_EXERCISE PROMPT_
Retype the data exactly, skipping any picture in it.
─── STORED DATA ───
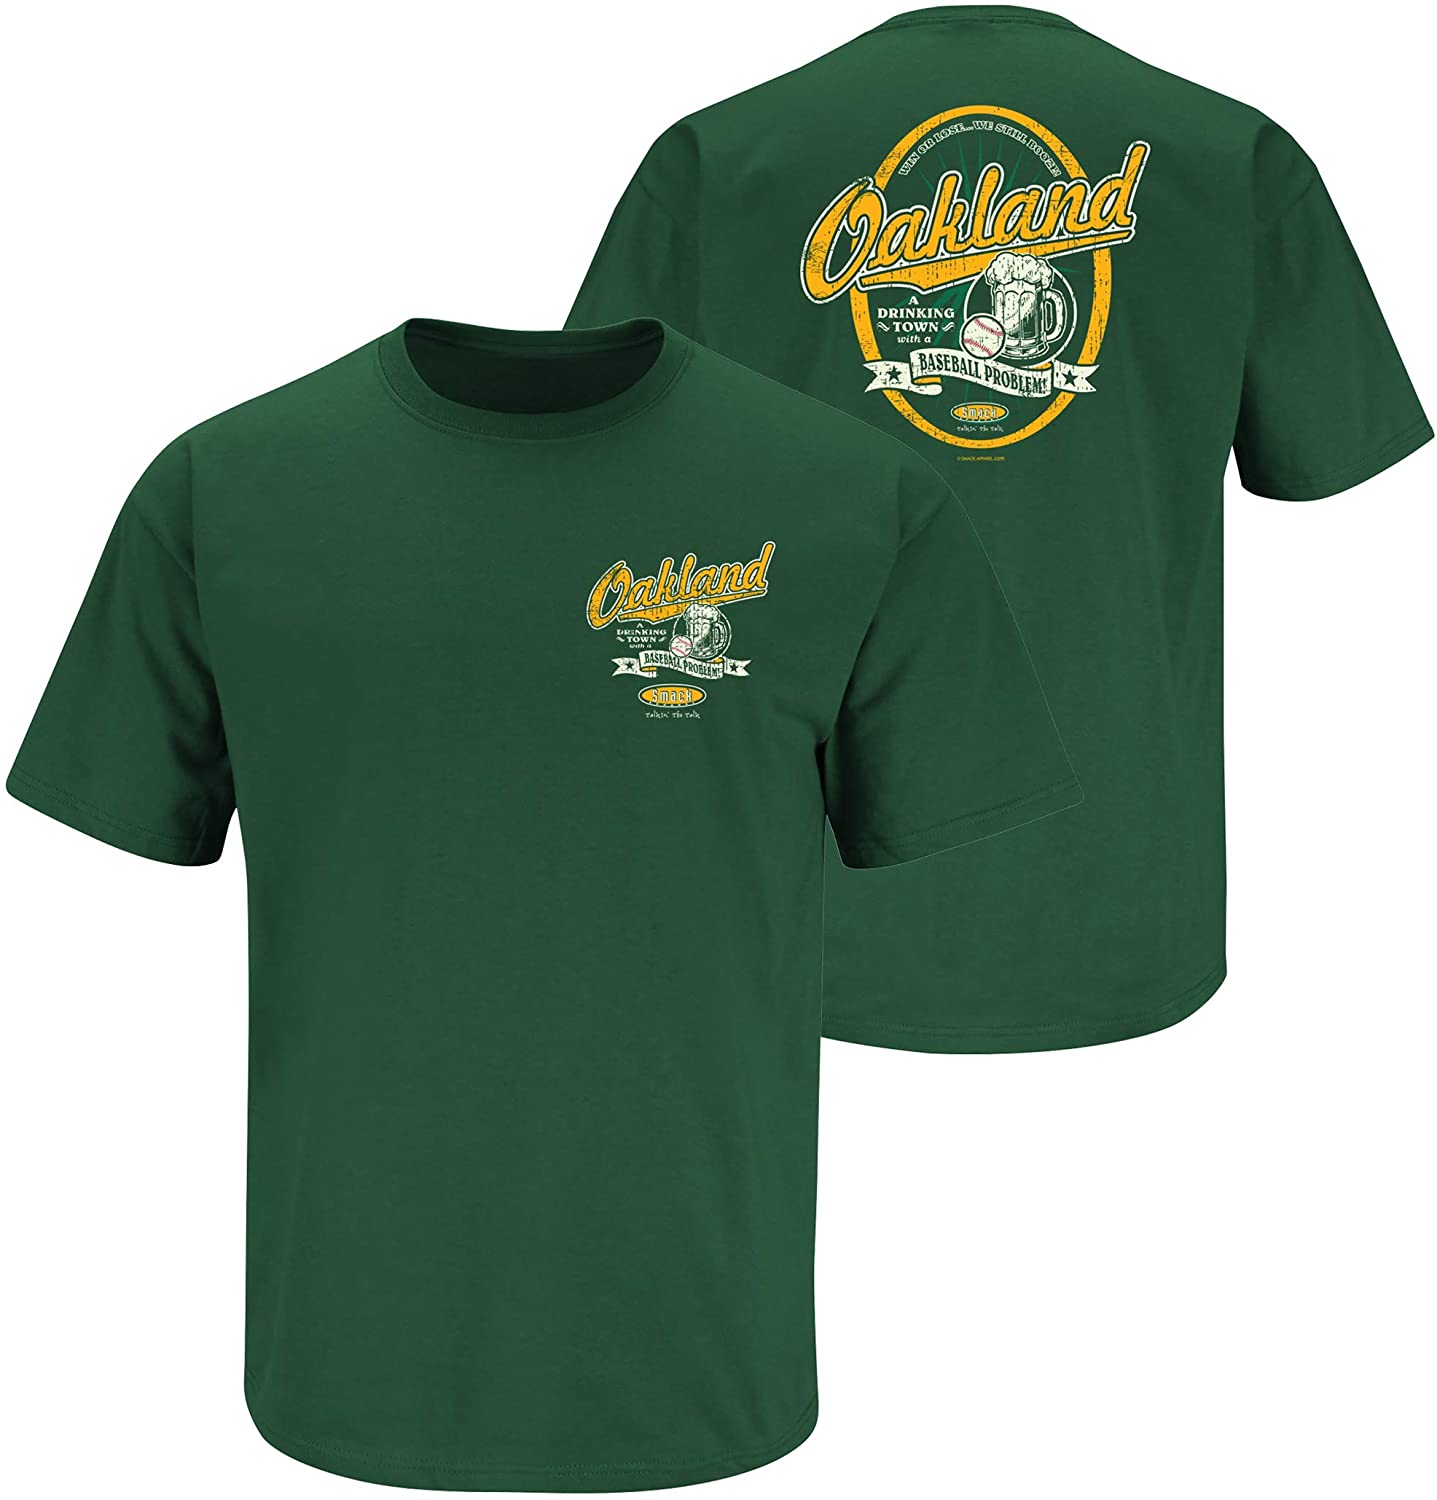 Oakland Athletics Apparel, A's Jersey, A's Clothing and Gear
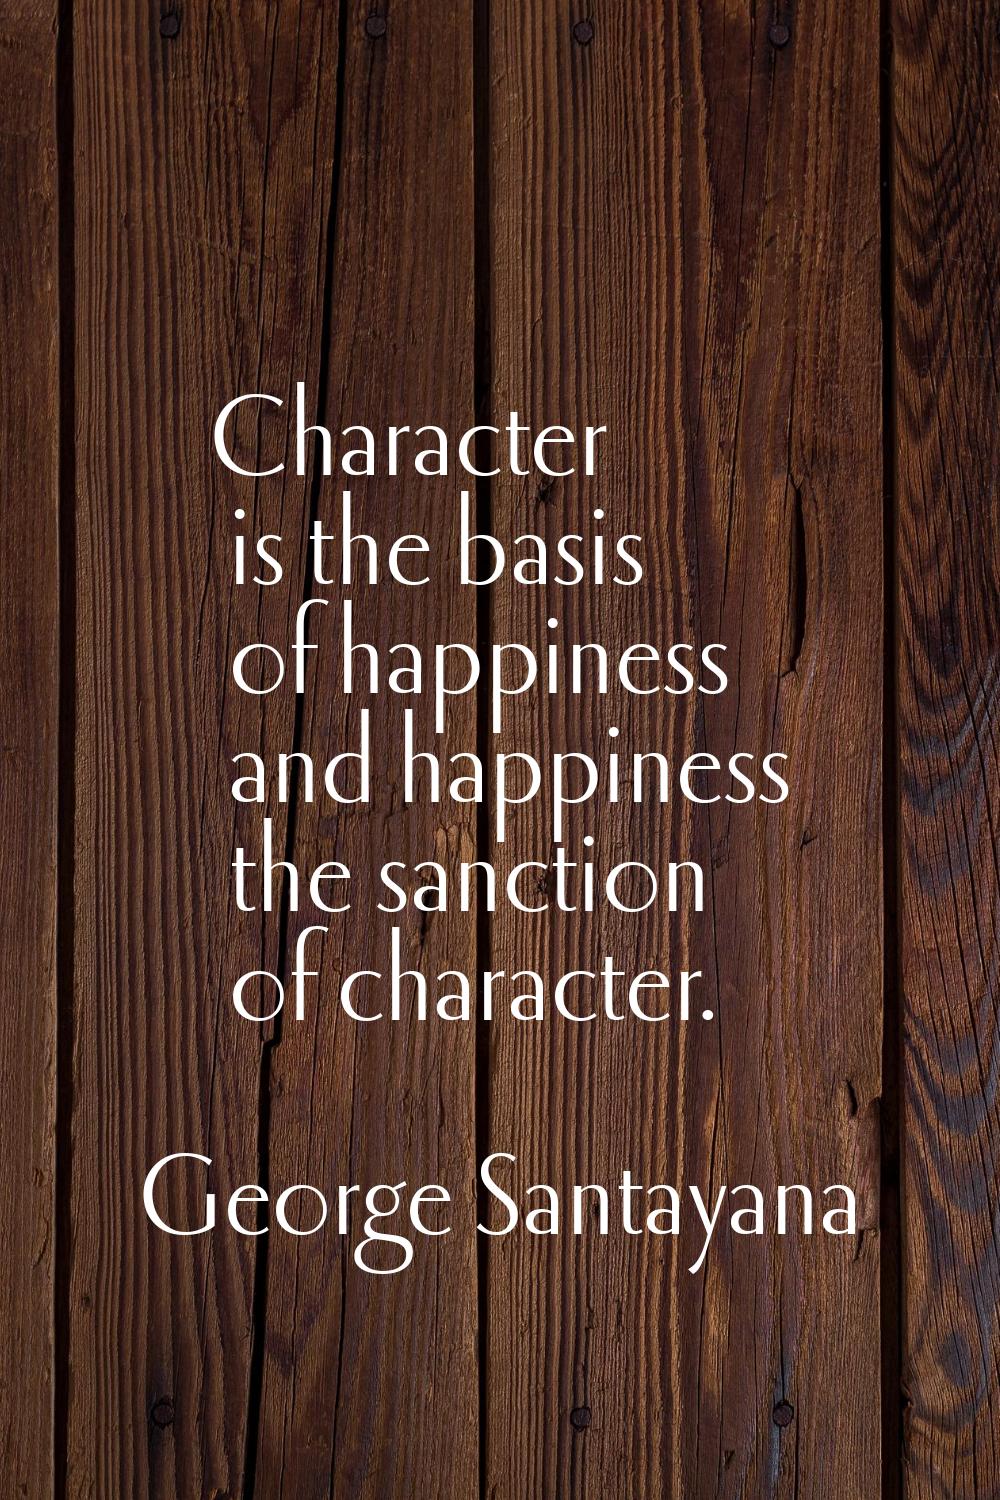 Character is the basis of happiness and happiness the sanction of character.
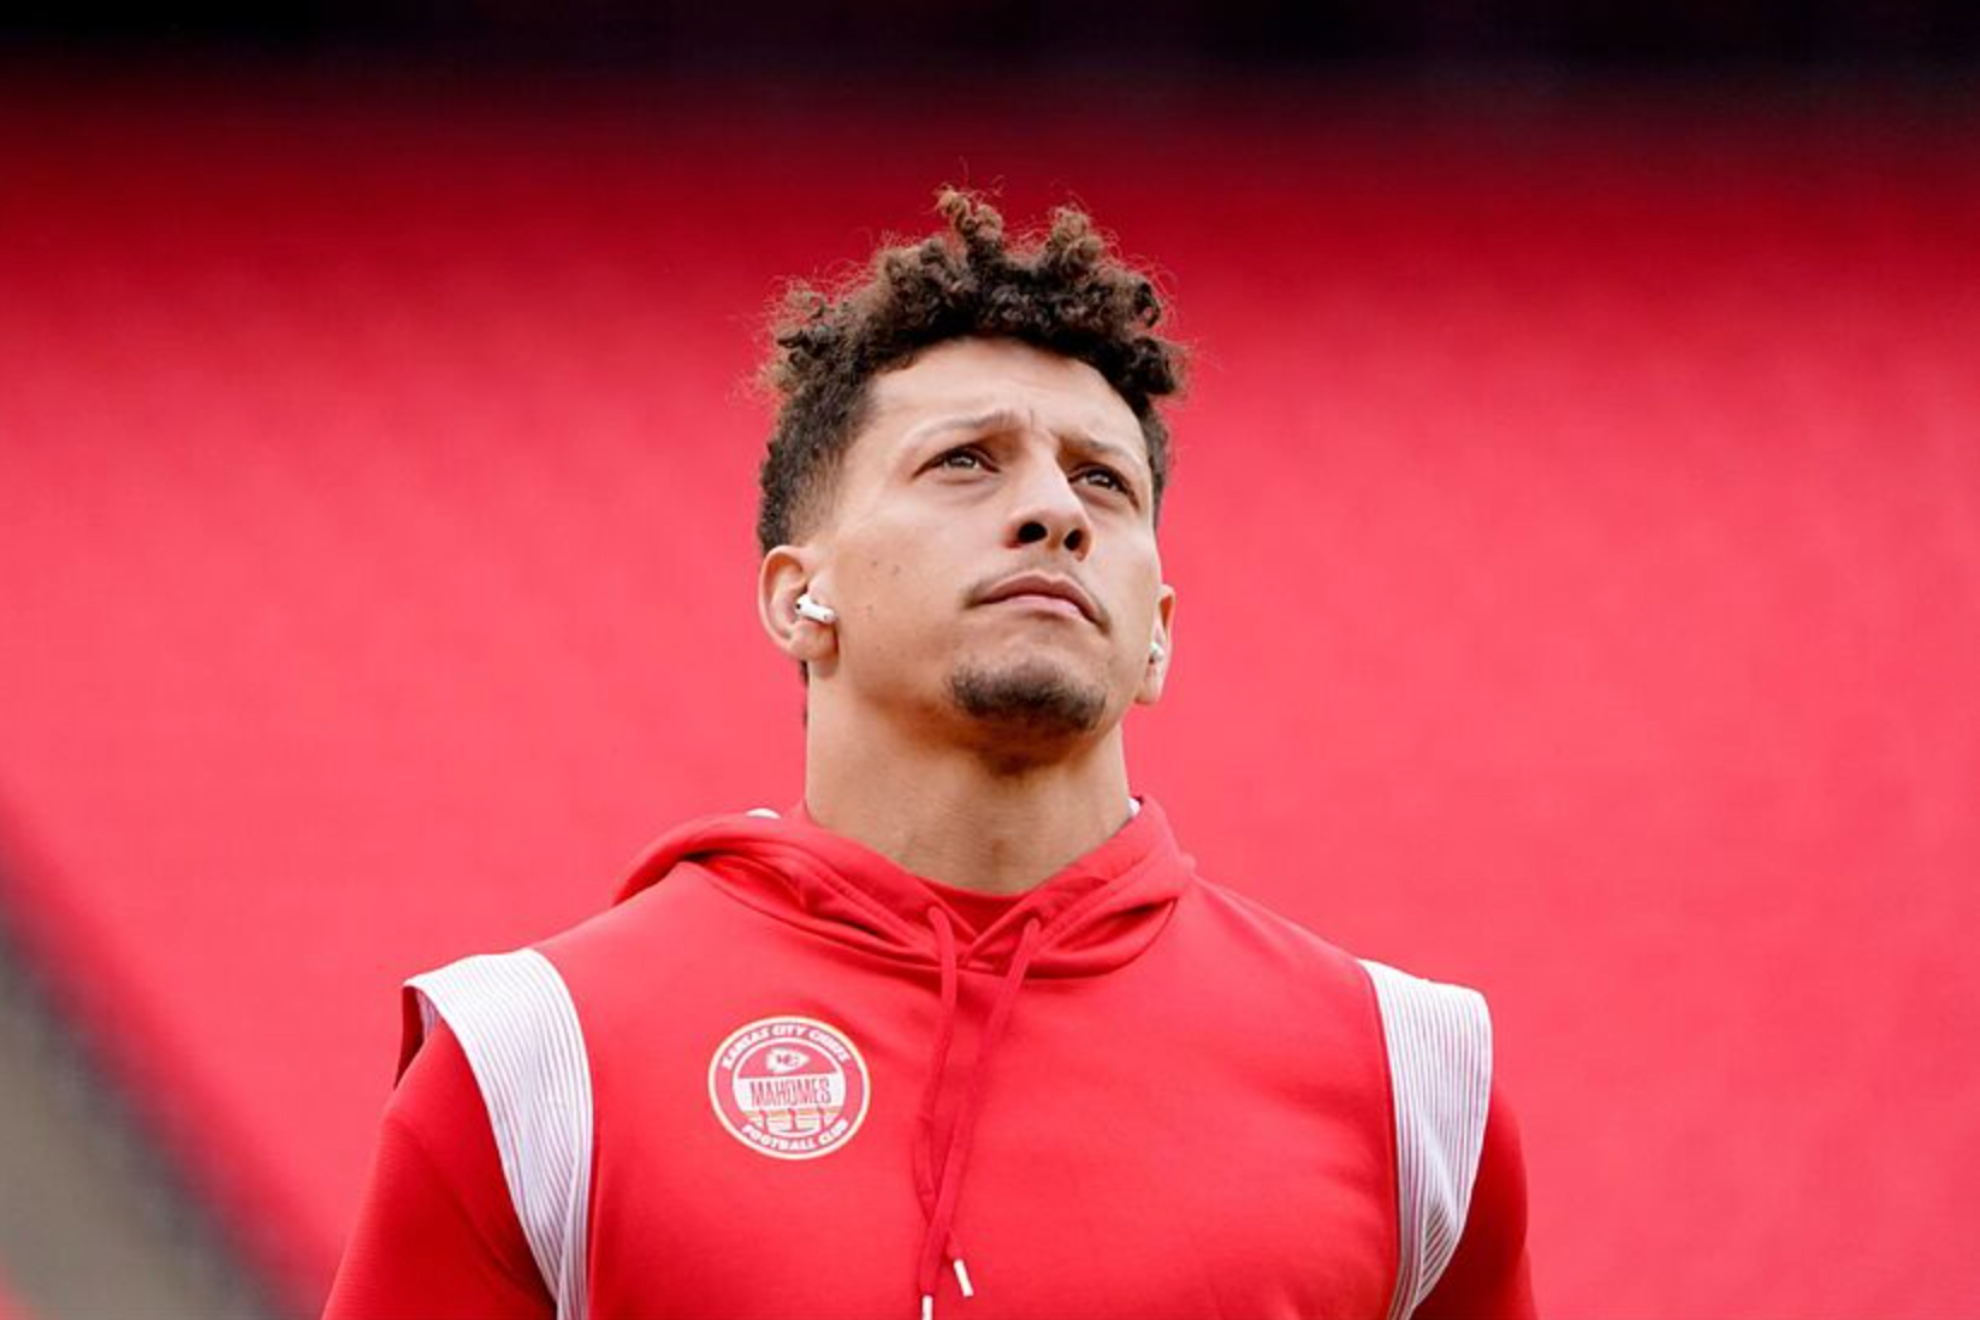 Patrick Mahomes gets the last laugh as he drafts the player the NFL wanted to humiliate him with to the Chiefs
───
_SOLUTION_
 Oakland Athletics Apparel, A's Jersey, A's Clothing and Gear
 Character is the basis of happiness and happiness the sanction of character.
 Patrick Mahomes gets the last laugh as he drafts the player the NFL wanted to humiliate him with to the Chiefs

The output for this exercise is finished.